在本篇論文中，我們在多用戶正交多頻分工調變(OFDM)通訊系統的環境下探討資源的公平性分配。在以往的研究中藉由最大化最小(max-min)傳輸速率可以使得不同的使用者獲得相似的傳輸速率，但是此種方法並沒有考慮不同使用者的需求和通訊品質(QoS)要求上的差異。此外，系統傳輸速率與公平性分配並不可同時兼得，因此本篇論文探討在考慮使用者需求差異下，如何妥善地將有限的資源(如頻帶)有效率的分配以實現可調式公平資源分配並使系統整體傳輸速率最大化成為本篇論文重要的研究方向。本篇論文在傳統的最大化最小(max-min)最佳化題目中對不同的使用者加入權重係數以及參考傳輸速率以實現可調式公平資源分配，並且提出CSA-MOC 演算法改進Greedy 演算法的缺點。此演算法考慮使用者在通道分配上衝突的情況，並藉由最小化機會成本的決策進一步提升傳輸速率並且得到更為公平的資源分配結果。模擬結果顯示所提出的演算法與傳統資源分配方法比較後發現能得到更佳的傳輸速率以及公平性，而當用戶數增加或可分配資源減少時，CSA-MOC 演算法將更有效率的達到目的。
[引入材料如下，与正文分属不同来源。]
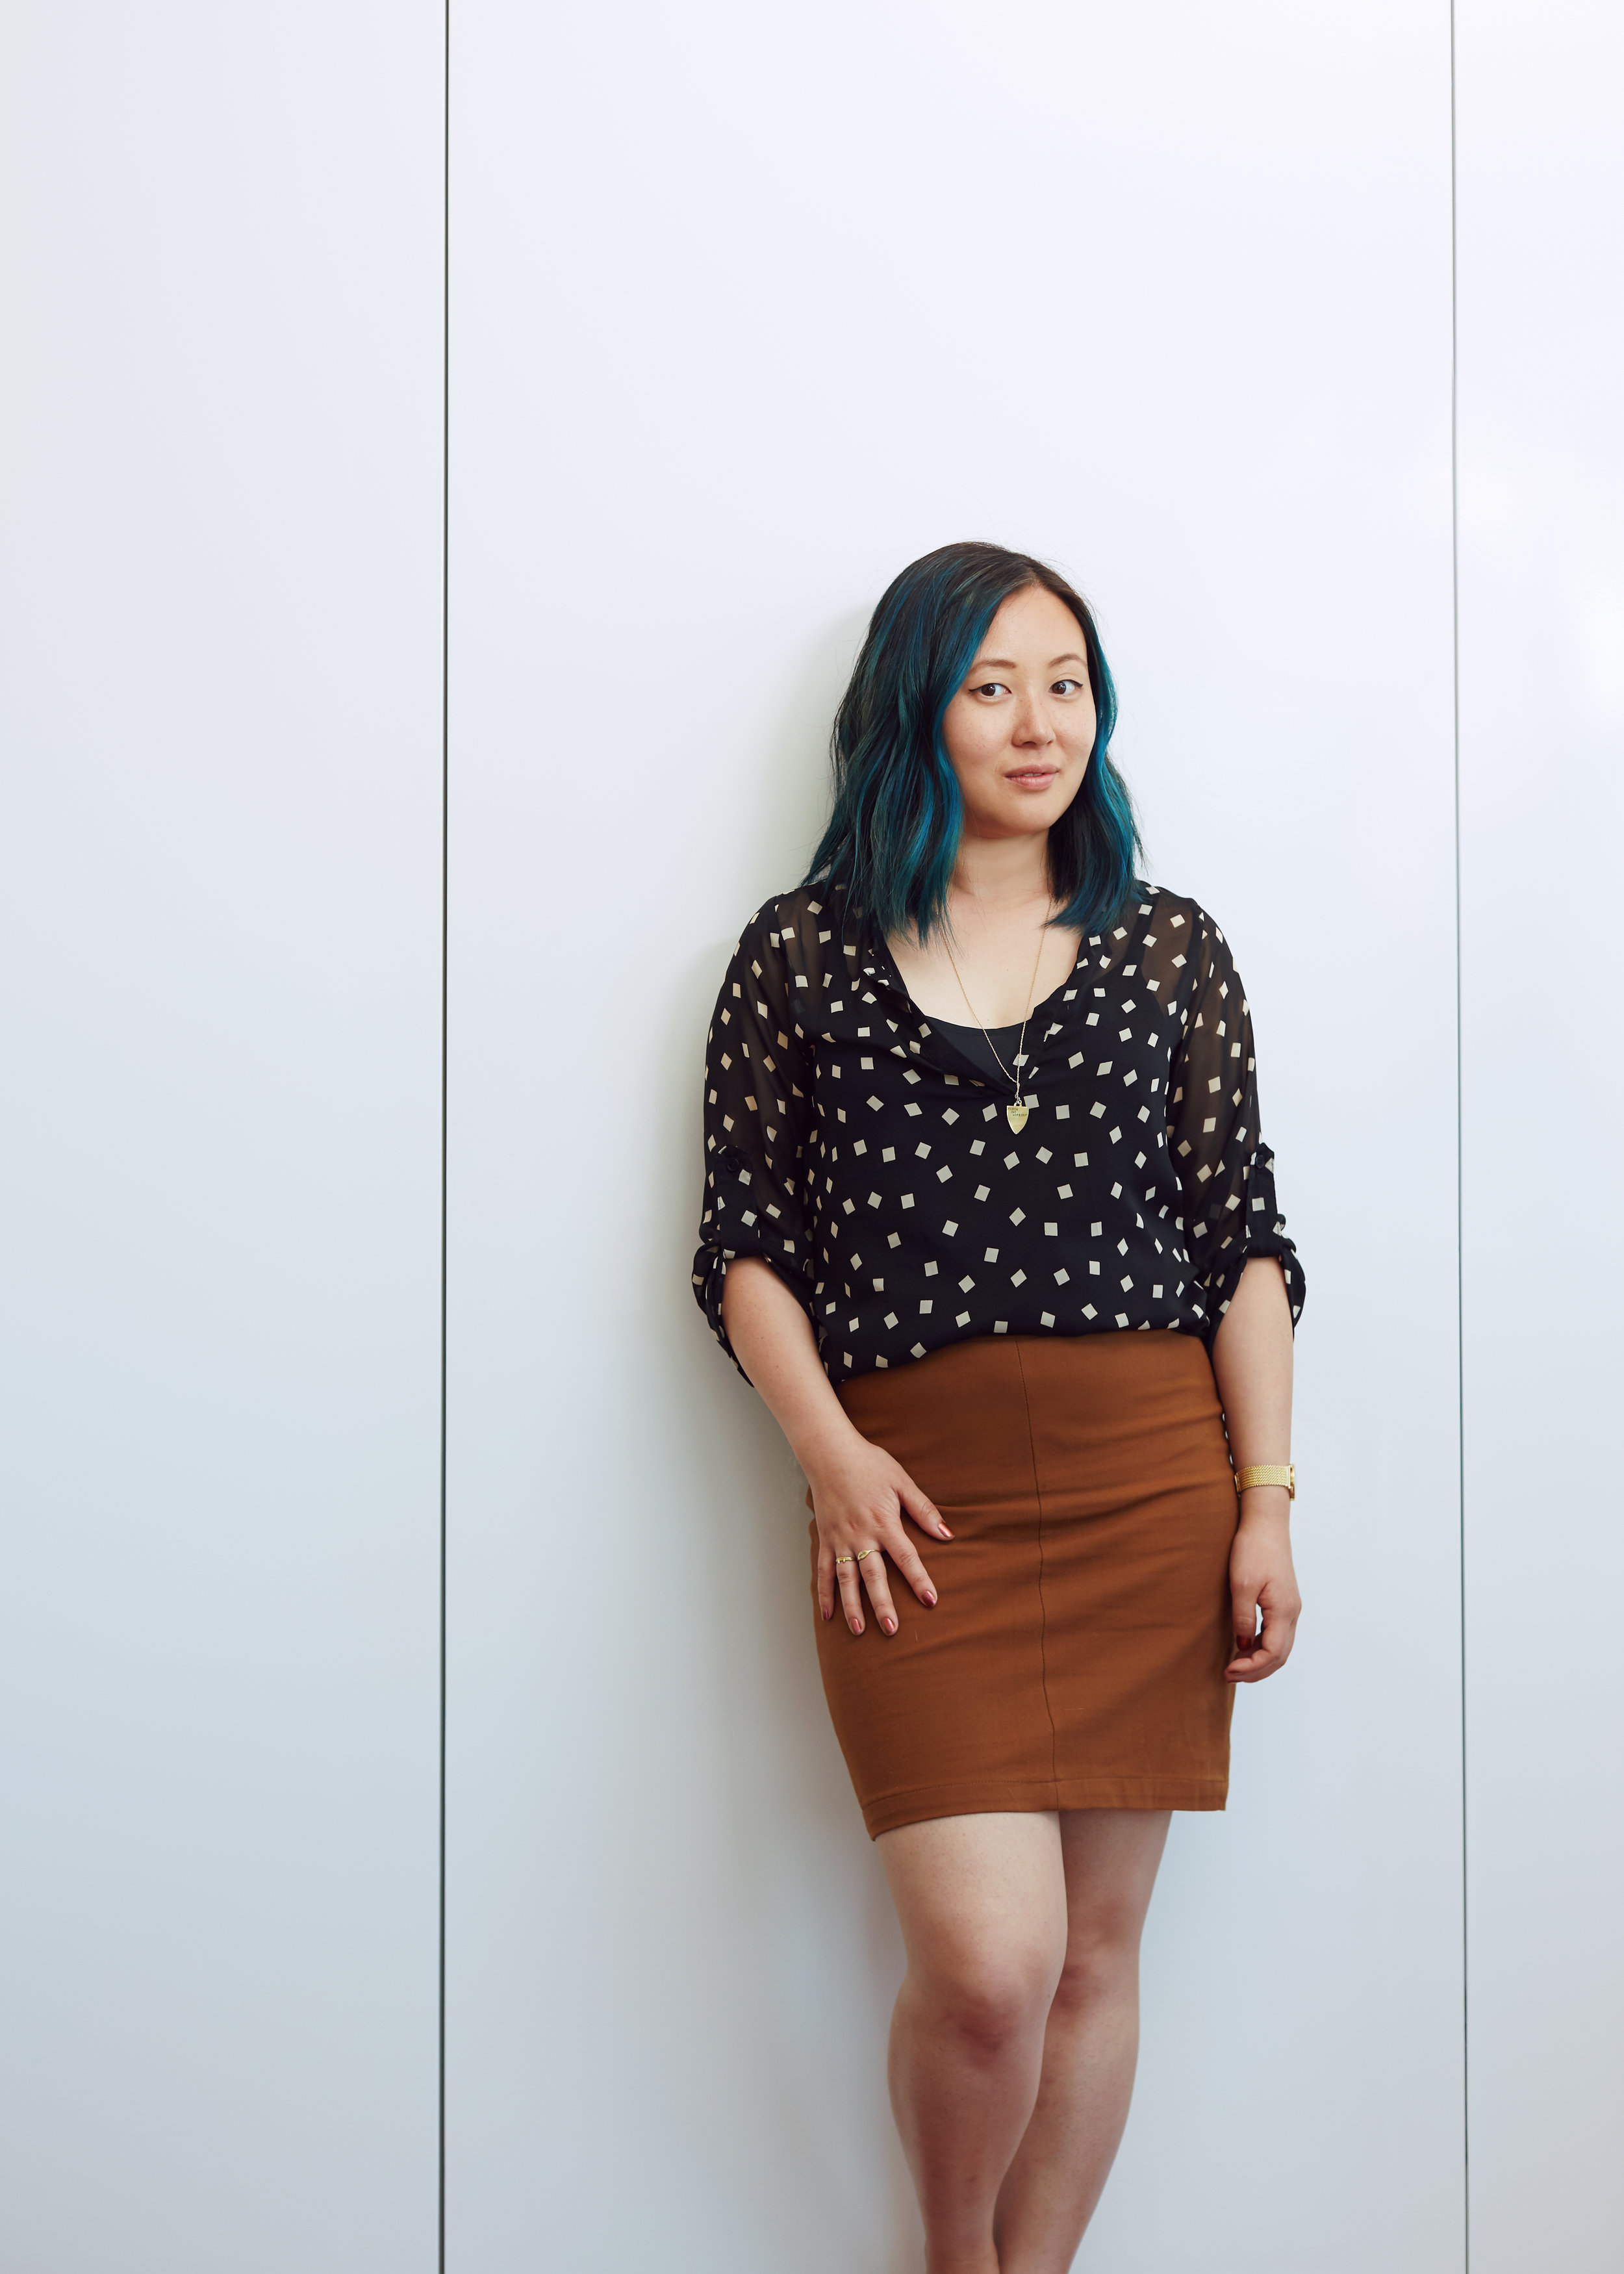 Ash Huang - 2017.07.21 - Personal Portrait - 219.jpg

In this thesis, we consider the fairness issue in the resource allocation scheme for cellular downlink OFDMA systems. The conventional max-min fair approach simply leads to an equal rate result for each user. Consequently, the different rate demands among users are not well taken care of. On the other hand, the fairness and the overall throughput trade off. The fairness index is adjustable and the equal-rate fairness is one of the special case. In this thesis, the max-min weighted surplus rate fairness is presented. In this formulation, the adjustable fairness and different rate demands for individual user are considered. Since the problem is NP-hard, a resource allocation algorithm for general max-min problem is proposed. In this algorithm, we take care of conflicts in subcarrier assignments and design a penalty criteria to explore the opportunity cost, As result, better throughput-fairness region is achieved. The mathematical analysis for the proposed algorithm is devised. The effectiveness of the proposed algorithm has been verified numerically under various channel models with comparison to the conventional Greedy and Vogel's approaches.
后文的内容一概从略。